The Returns of an Additional Year of Schooling: The Case of State-Mandated Kindergarten

Jade Jenkins and Maria Rueda-Rosales, UC Irvine

Amount: $75,000

(See above for description)

 

Identifying Effective Career Pathways for Disadvantaged Students in Community College

Harry Holzer, Georgetown University

Amount: $40,000

 

“Career pathways” (CPs) are fast becoming one of the most frequently discussed models of workforce education and training in the US for disadvantaged youth and adults. The development of CPs and their accelerated use is driven in part by the 2014 Workforce Innovation and Opportunity Act (WIOA), which requires states to establish CPs as a key component of workforce training. But, for all of the proliferation of CPs, the programs mostly have low enrollments, and we have remarkably little empirical evidence on which pathways generate successful outcomes for different populations of disadvantaged students, in terms of the attainment of postsecondary credential and higher earnings.
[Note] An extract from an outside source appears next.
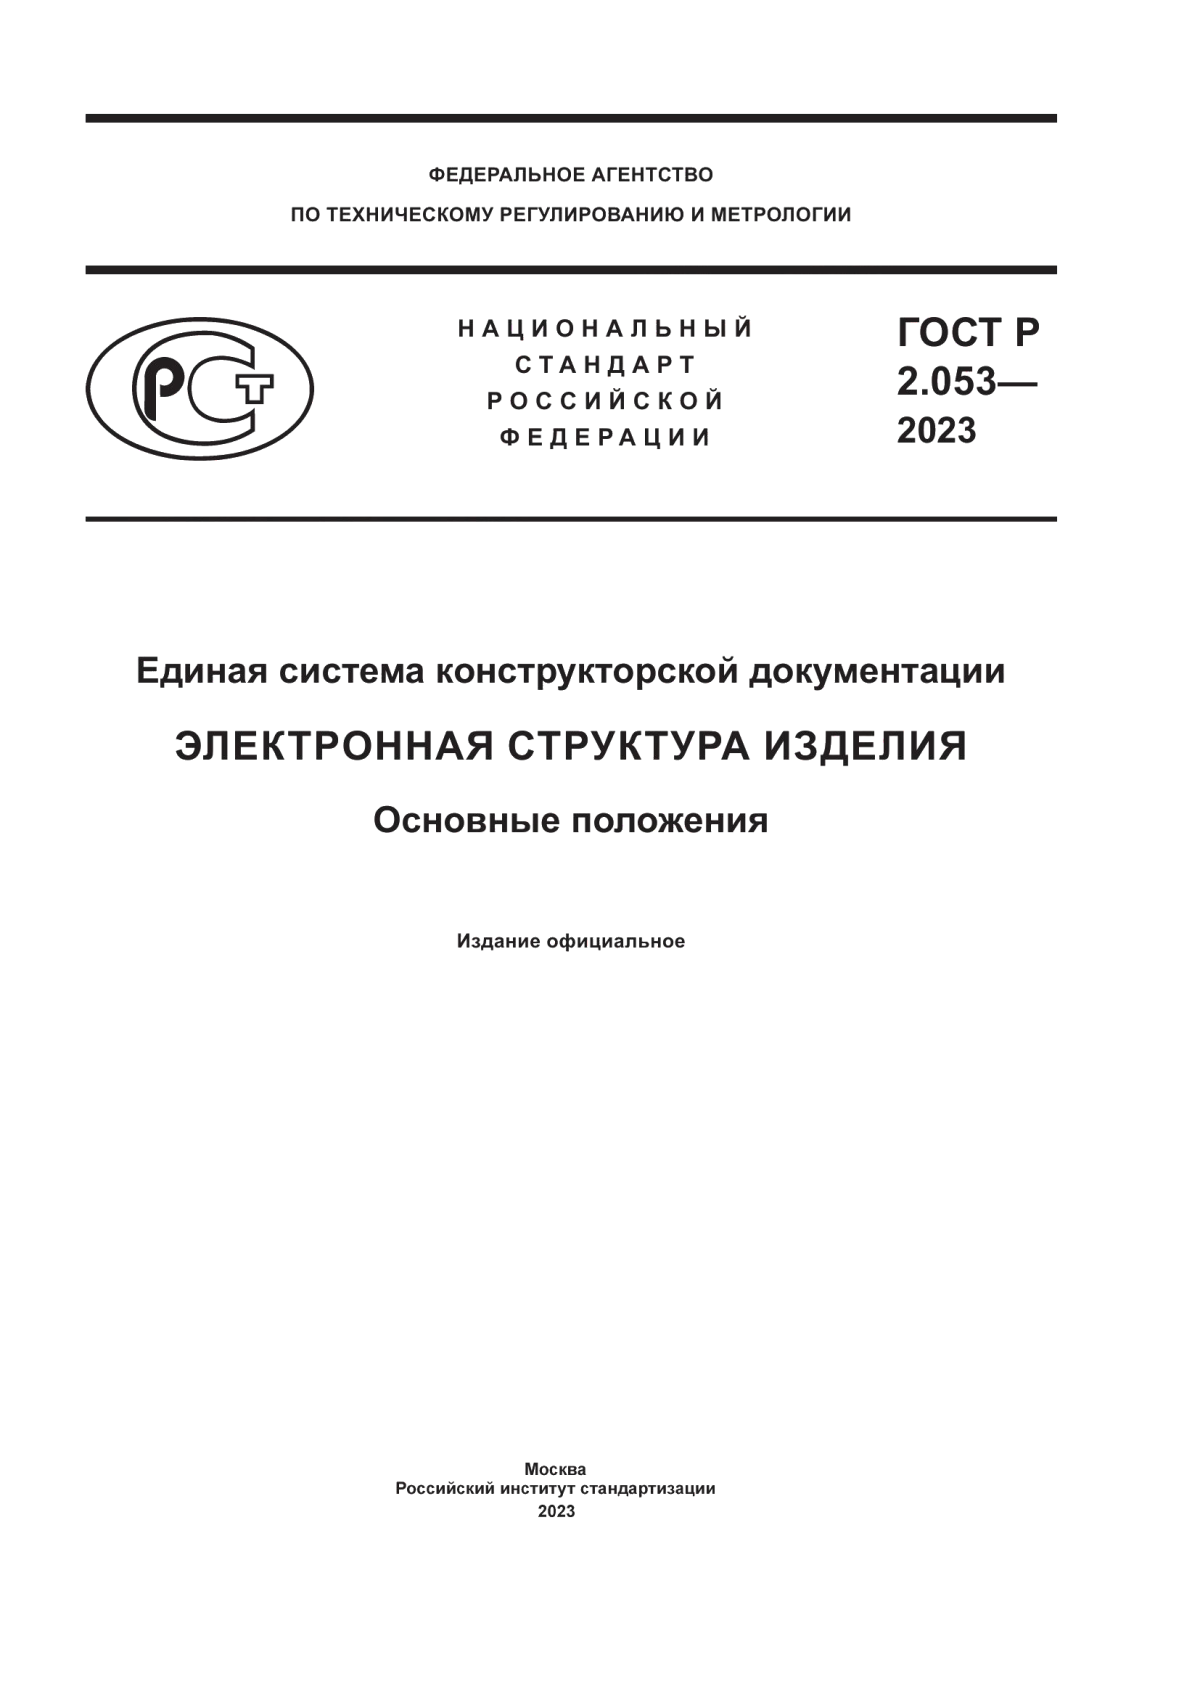 ГОСТ Р 2.053-2023 Единая система конструкторской документации. Электронная структура изделия. Основные положения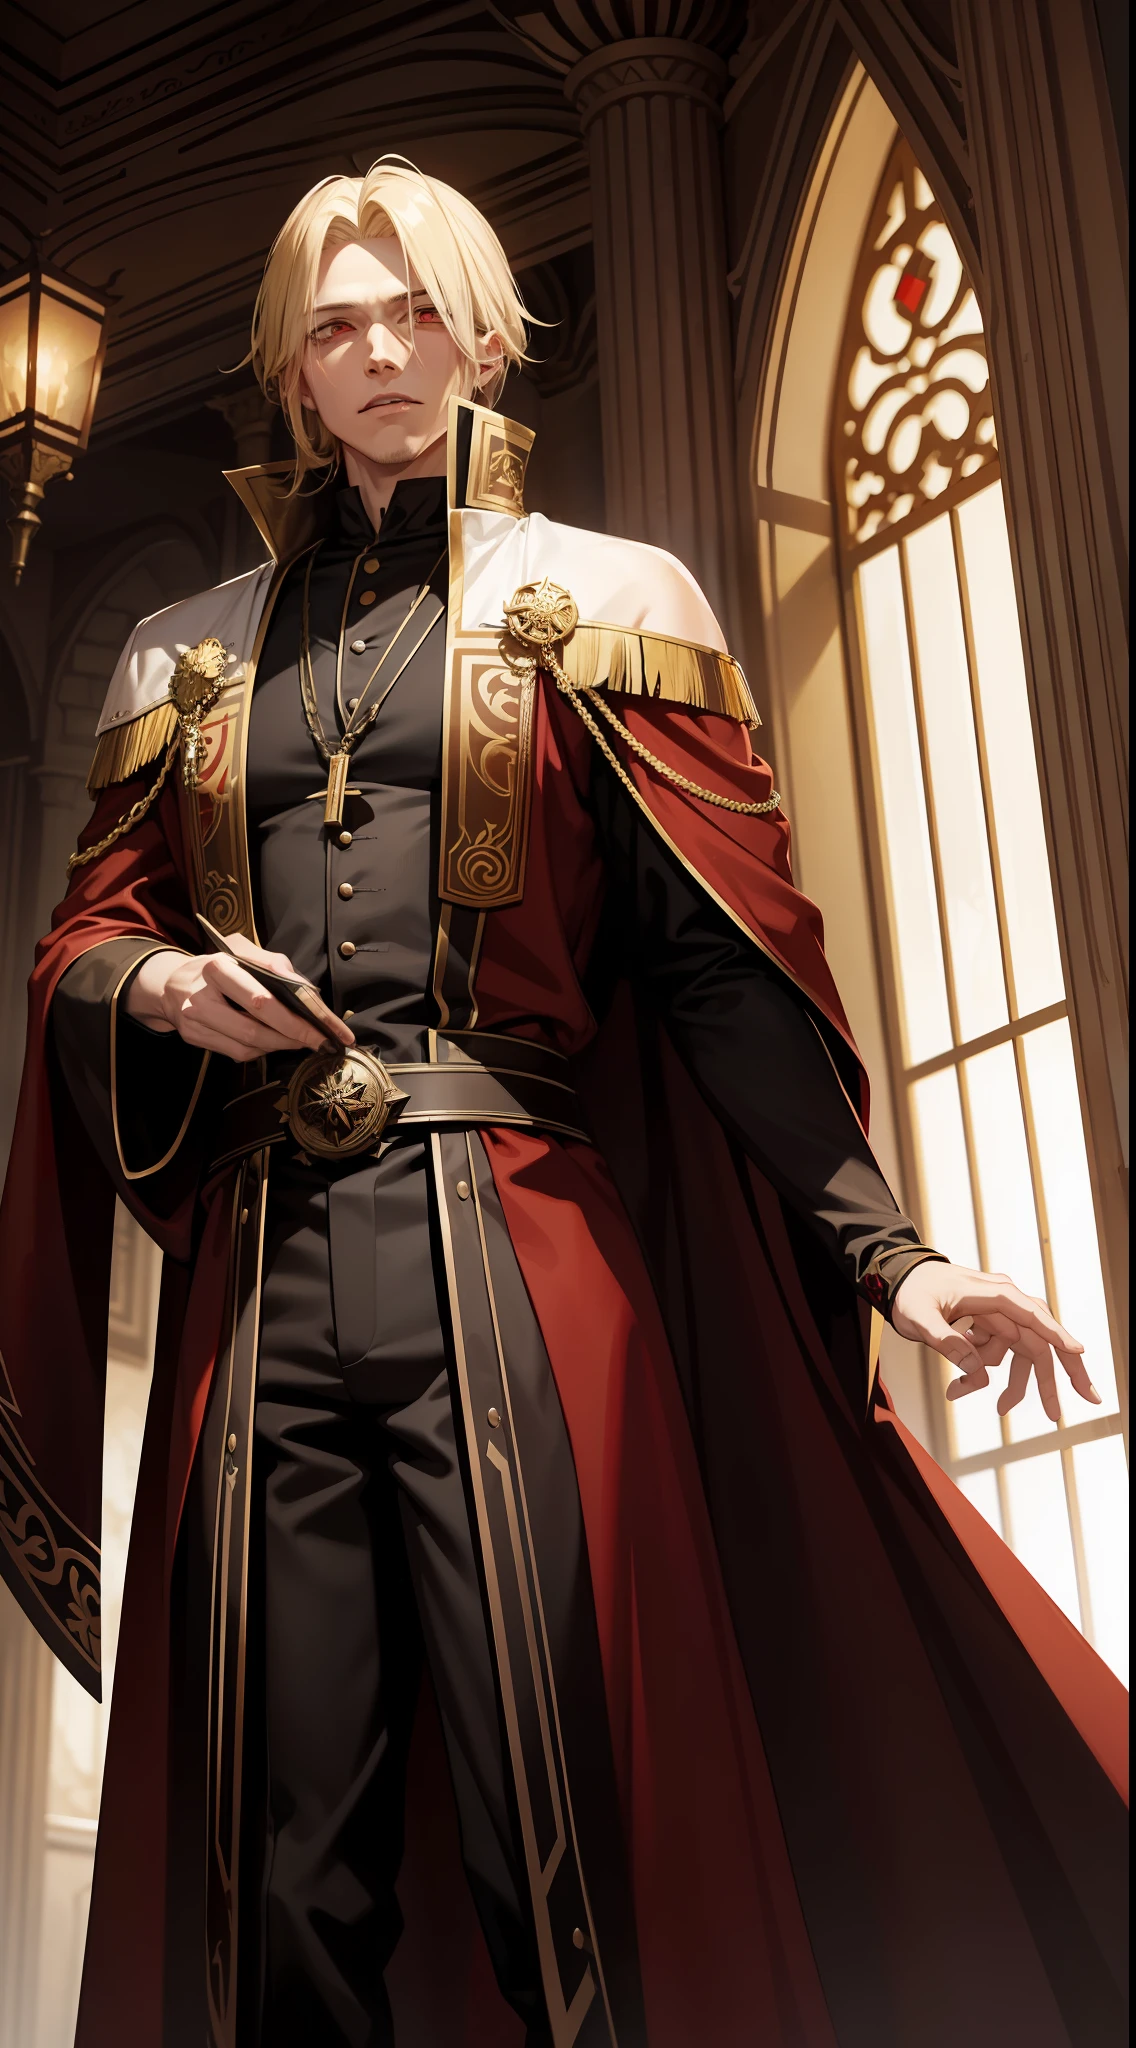 29세 남성, 금발 머리와 붉은 눈을 가진 뱀파이어 왕, 그는 갈색 가운을 입고 있다

This project will identify successful pathways for disadvantaged students, by focusing more specifically on whether these pathways generate causal impacts on student outcomes. Identifying such pathways and establishing their impacts could greatly improve our ability to help disadvantaged students choose appropriate pathways in community colleges, and our ability to build pathways along which they can progress and attain the credentials and jobs that will raise their self-sufficiency over the long run.

 

Merging Administrative Data to Test the Impact of the $15 Seattle Minimum Wage on Household Poverty

Jennifer Romich, Mark Long, and Jacob Vigdor, University of Washington

Amount: $40,000

 

The first two decades of the 21st century have seen considerable changes in state and local minimum wages alongside calls for parallel changes at the federal level. Well over half the U.S. population now lives in areas subject to wage floors above the federal minimum of $7.25 per hour, and more than three dozen counties or cities have raised hourly minimums to rates as high as $15. Advocates claim that higher minimum wages will meaningfully reduce poverty and improve the material well-being of low-income workers and their families. Countering voices suggest that the benefits from higher minimum wages accrue largely to workers from non-poor families, and wage mandates may harm the poor by reducing employment opportunities or reducing scheduled hours. Many important questions about the impact of minimum wage laws concern how wage mandates affect households as well as whether and how impacts vary across different demographic groups. This project will create the first scholarly evidence about how Seattle’s $15 minimum wage affected poverty and will serve as a model for future comprehensive analyses of local minimum wages and related anti-poverty studies.